An introduction to the semantic web

#WebDev #MetaData #Web3 #SemanticWeb

Published on 9 November 2023 by Andrew Owen (5 minutes)

One of my predictions for 2023 was that there would be a lot more talk about Web 3.0. I couldn’t have been more wrong. Global events and the rise of AI have completely overshadowed web developments. But it’s still a topic worth some consideration.

The term Web 2.0 was coined by Darcy DiNucci in 1999. Web 1.0 was subsequently invented as a term to describe the earlier period. There is no fixed delineation between the two eras. The first is generally thought to have lasted from 1989 to 2004 and featured mainly static content. The second is thought to start when social media profiles replaced personal web pages.

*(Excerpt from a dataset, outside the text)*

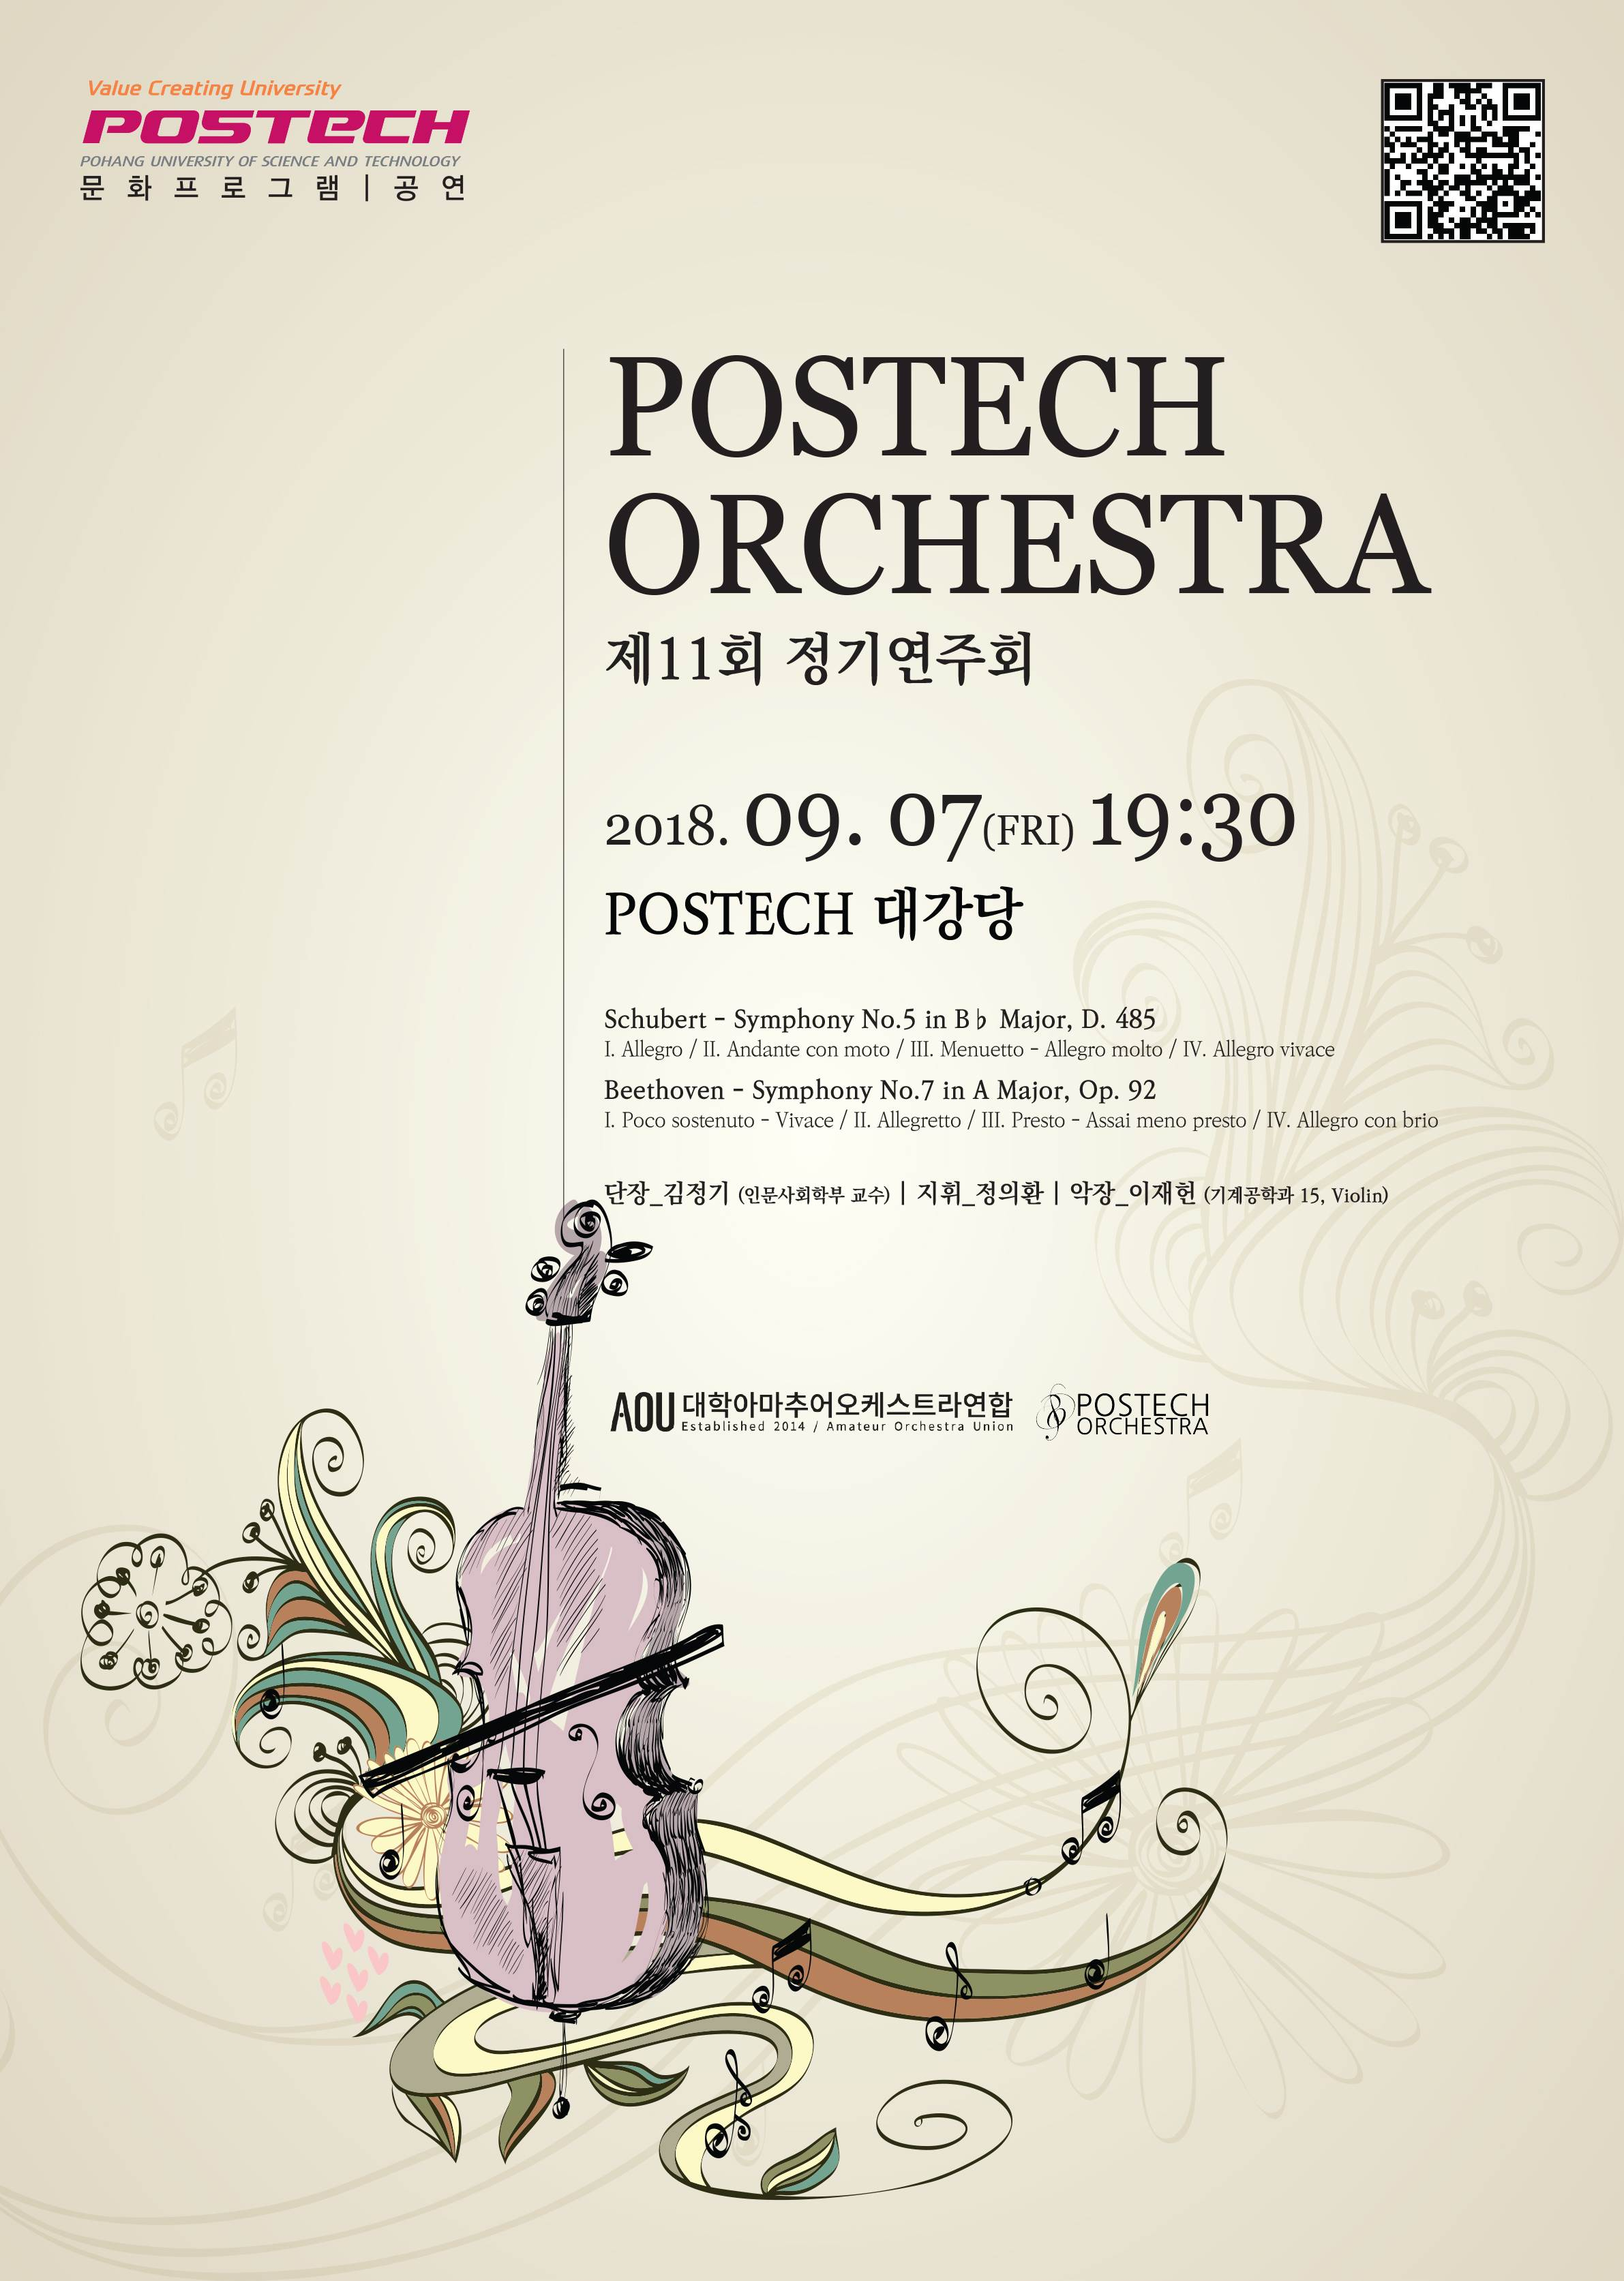 POSTECH ORCHESTRA 제 11회 정기연주회 2018.09.07(FRI) 19:30 POSTECH 대강당 Schubert - Symphony No.5 in Major, D.485 I. Allegro / II. Andante con mato/ III. Menuetto - Allegro molut/ IV. Allegro vivace  Beethoven - Symphony No.7 in A Major, Op.92 I. Poco sostenuto - Vivace / II. Allegretto/ III. Presto - Assai meno presto/ IV.Allegro con brio 단장_김정기(인문사회학부 교수) 지휘 정의환 악장 이재헌(기계공학과,  Violin) AOU대학아마추어오케스트라연합 POSECH ORCHESTRA

But I’d draw a different distinction. I think of Web 1.0 as everything before HTML5 (or the Flash era). When the iPhone was announced in January 2007, initially it wasn’t supposed to run native apps, except for the basic set included on the device. It was supposed to run web apps (written with Ajax). HTML5 launched the next year.

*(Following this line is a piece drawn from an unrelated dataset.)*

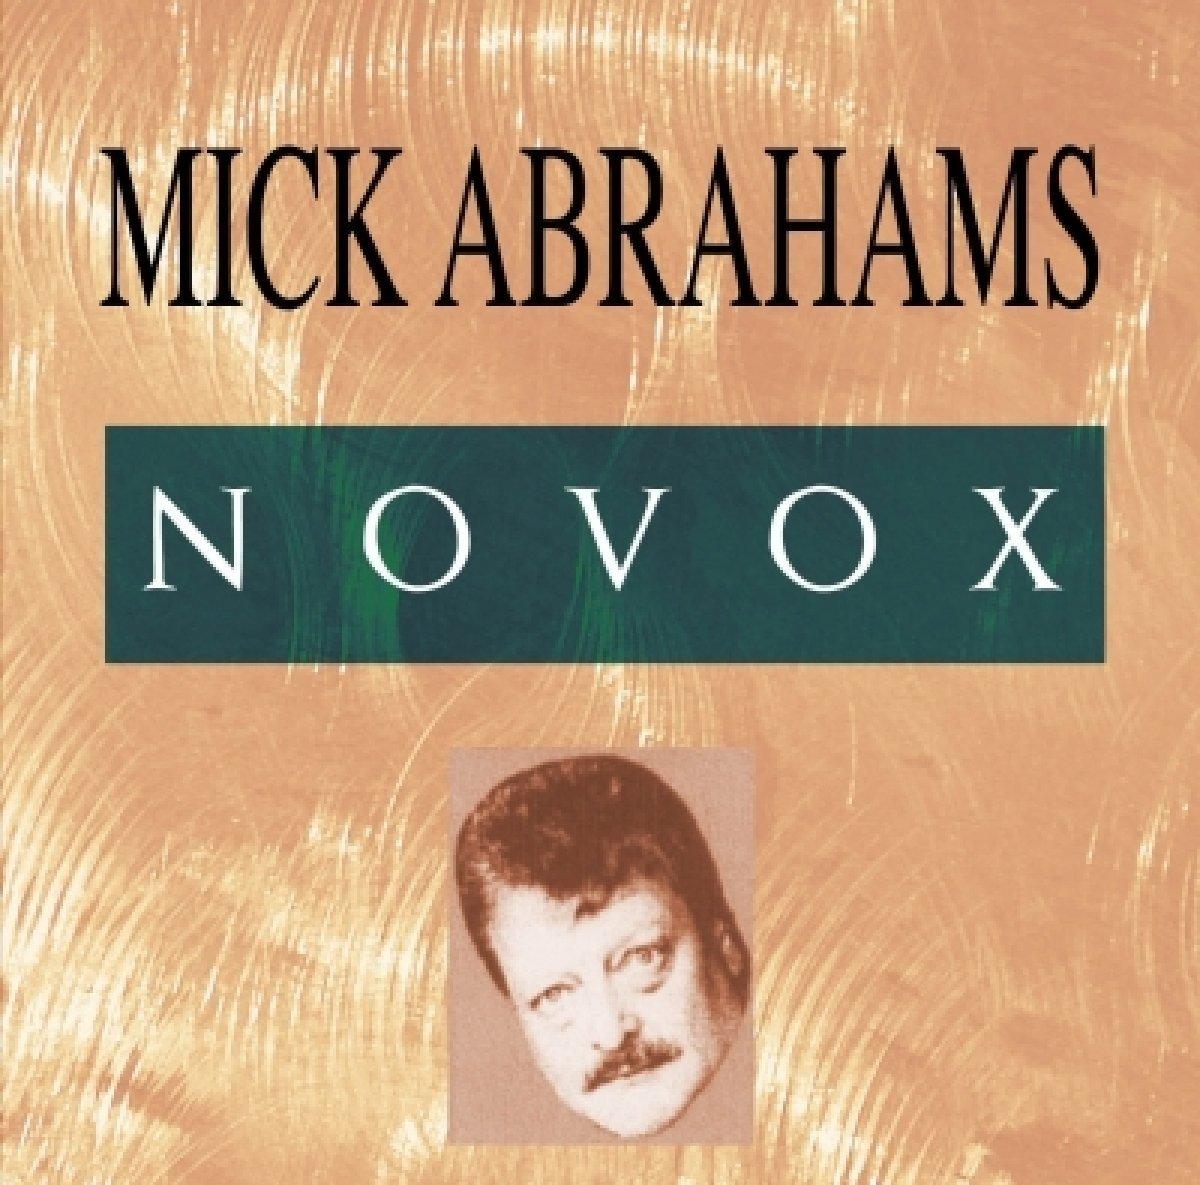 Mick Abrahams — Novox

Web 3.0 means different things to different people. It’s sometimes used as an alternative term for Web3, which is an idea for a version of the web featuring decentralization, blockchain and token-based economics. It’s where non-fungible tokens (NFTs) came from. But it’s not well-defined or widely adopted.

In his 2000 book “Weaving the Web”, Tim Berners-Lee described a vision where computers:

“…become capable of analyzing all the data on the Web – the content, links, and transactions between people and computers. A ‘Semantic Web’, which makes this possible, has yet to emerge, but when it does, the day-to-day mechanisms of trade, bureaucracy and our daily lives will be handled by machines talking to machines. The ‘intelligent agents’ people have touted for ages will finally materialize.”

The semantic web is also sometimes known as Web 3.0. But Berners-Lee wasn’t the first to have this vision. Arguably, it started with Ted Nelson and Project Xanadu in 1960. And the ideas that influence it can be traced back even earlier to Vanneavar Bush’s 1945 article “As We May Think”. For a deeper dive I recommend watching Douglas Adams’s 1990 documentary “Hyperland” which predates the World Wide Web and the first web browser.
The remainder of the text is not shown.